C (generic function with 1 method)

We will examine each data point in turn to try to nudge the cost function in the right direction.
We start with *random* parameter values.

In [11]:
using ForwardDiff

In [12]:
w = rand(2)
b = rand()

params = [w; b]

3-element Array{Float64,1}:
 0.366305
 0.221067
 0.599116

IS THIS STOCHASTIC GRADIENT DESCENT?

In [13]:
function gradient_descent(C, x, y, params, N=1000)

    η = 0.01

    for i in 1:N
        
        which = rand(1:length(x))  # choose a data point
        
        xx = x[which]
        yy = y[which]
        
        grad = ForwardDiff.gradient(ws -> C(ws, xx, yy), params)
        #@show grad
        params -= η * grad
    end
    
    return params
    
end
    

gradient_descent (generic function with 2 methods)

In [14]:
w = rand(2)
b = rand()

params = [w; b] ;

@show params
@time params = gradient_descent(C, x, y, params, 1000000)
@show params

params = [0.739475, 0.423584, 0.464474]
 10.648472 seconds (11.47 M allocations: 865.158 MiB, 1.42% gc time)
params = [0.739475, 0.423584, 0.464474]


3-element Array{Float64,1}:
 0.739475
 0.423584
 0.464474

We can check that we have reached a minimum of the cost function, where the gradient should be close to zero:

In [15]:
 ForwardDiff.gradient(ws -> C(ws, x[1], y[1]), params)

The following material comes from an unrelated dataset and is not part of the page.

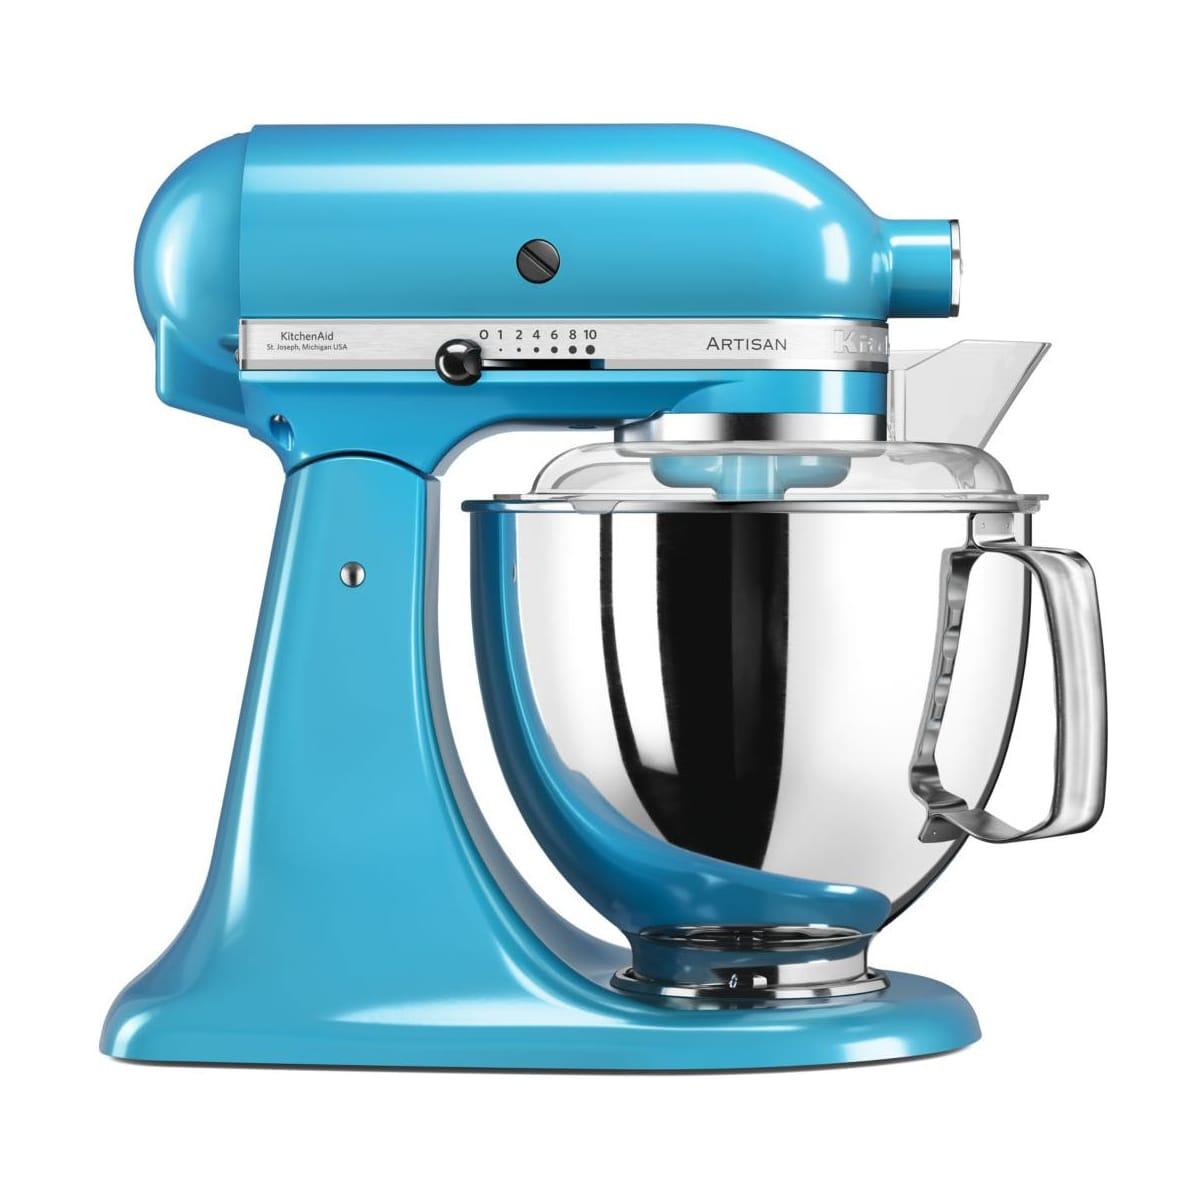 KitchenAid Artisan  5KSM175PS Robot pâtissier multifonction

3-element Array{Float64,1}:
 1.14236e-27
 6.36503e-30
 1.26928e-29

We can check sample data to see if the function is correctly approximated:

In [16]:
f(x[900], params[1:2], params[3])

1.0

In [17]:
f(x[1], params[1:2], params[3])

1.0

We see that *with sufficient training*, the single neuron is approximately able to learn the function for most of the data, but not all:

In [18]:
maximum(y .- f.(x, [params[1:2]], params[3]))

9.595447658661271e-9

In [19]:
using Plots; gr()

Plots.GRBackend()

In [20]:
scatter(first.(x_apples), last.(x_apples), m=:cross)
scatter!(first.(x_bananas), last.(x_bananas))

Let's draw the function that the network has learned, together with the data:

In [21]:
heatmap(0:0.01:1, 0:0.01:1, (x,y)->f([x,y], params[1:2], params[3]))

scatter!(first.(x_apples), last.(x_apples), m=:cross)
scatter!(first.(x_bananas), last.(x_bananas))

We see that the single neuron has *learnt* to separate the data using something that is close to a hyperplane. (Somehow we restricted the function to be a hyperplane.)